In the in vitro wound healing study, the cell growth in presence of Carbopol confirms the results of the proliferation test. The in vitro proliferation and wound healing tests represent a valuable instrument to increase the confidence in quality and consistency of the active substance that is in this case PL. Both proliferation and wound healing have the advantage among other possible in vitro test, such as ELISA, of estimating the effect of the whole network of PDGFs.

Though the cell growth was slower in presence of Carbopol 974P with respect to PL alone, no evidence of cell death was observed (cells detached from Petri bottom and round shaped in suspension). The slower growth may be attributed to the viscosity of Carbopol 974: even if the concentration of Carbopol used is biocompatible with this cell substrate as evidenced by cytotoxicity study, the slight increase of viscosity of the medium might have produced a moderate interference of cell growth in vitro on fibroblast culture.

In vitro properties of PL are not affected by the combination with PAA, which in turn is expected to increase in vitro the efficacy of the formulation increasing contact time of platelet lysate on oral mucosa.

The preliminary in vivo experience was also encouraging: the compliance of GVPL was excellent for all patients.

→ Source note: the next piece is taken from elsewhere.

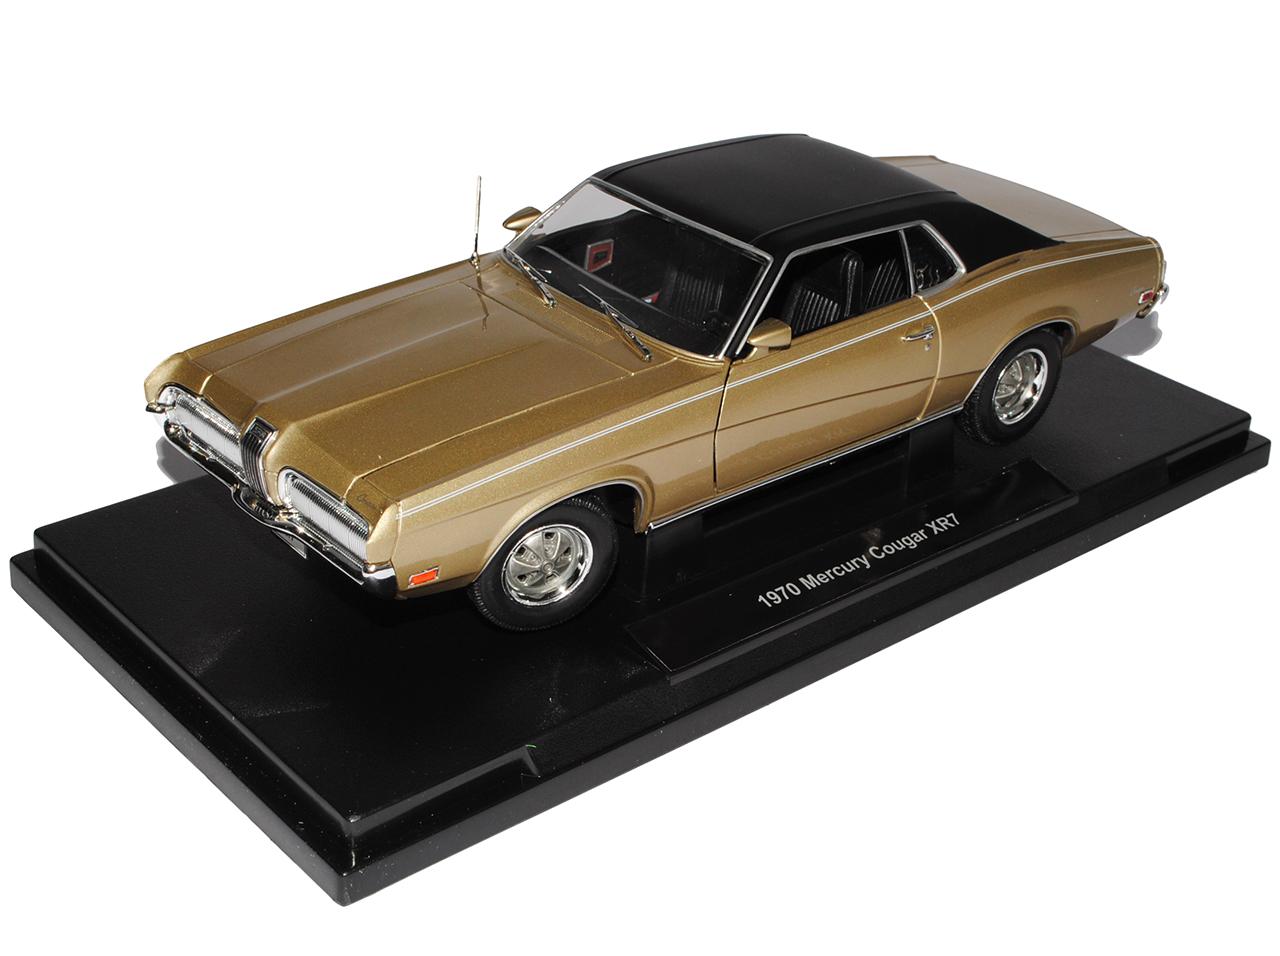 Ford Mercury Cougar XR7 oro 1970 Coupe 1//18 welly modelos de coches con o sin i...

Out of seven patients with OM refractory to any therapy, a response in six patients with grade III mucositis was obtained while no response was obtained in only one patient with grade IV mucositis. The latter patient suffered from a severe autoimmune disease (ulcerative colitis) that, along with the employment of allogeneic PLT, may have impaired the response. Of note, out of the six responders, two achieved complete “restitutio ad integrum” of oral mucosa and the remaining patients showed an important improvement that is reduction of at least 25% OM and, in all patients, except one, reduction of analgesics. The possibility of a significant tapering of analgesics (withdrawn in two patients, reduced in three patients) and the contemporary improvement of feeding and therefore nutritional status (weight gain) was remarkable for its impact in the quality of life. The absence of bacterial and fungal contamination in GVPL and the lack of oral infections during the entire lapse of GVPL application allow us to consider our approach safe. It is important to note that the significant reduction of oral lesions may also reduce the risk of disseminated infections.

CONCLUSIONS

The in vitro proliferation test demonstrated to be a suitable cell culture model to evaluate proliferation performance of platelet lysate in easy and fast way. This will be useful to develop and screen innovative formulations intended for the delivery of platelet lysate. In particular, it will be possible to put in evidence the compatibility of the platelet lysate growth factors with possible excipients and also to compare the stability data of platelet lysate action in a polymeric vehicle. In addition the in vitro wound healing test demonstrated to be a proof of concept evaluation.

The mucoadhesive formulation was characterized in vitro by good technological properties (consistency and mucoadhesion) and good in vitro proliferation and wound healing properties. The in vivo preliminary results suggest that oral application of GVPL is feasible, safe, well tolerated, and effective in GvHD patients with OM, even if these results need to be confirmed in a larger clinical study, possibly controlled and randomized. Also, other categories of patients might benefit from this approach, for instance all patients with OM after high-dose chemo/radiotherapy with the potential to open a simple and economic possibility to cure mucosal lesions otherwise very difficult to treat.

Acknowledgments

The authors wish to thank Cariplo Foundation for the financial support (Project title: “Platelet gel bioadhesive systems for mucositis in chemio/radio therapy and stem cell trasplantation” call 2006).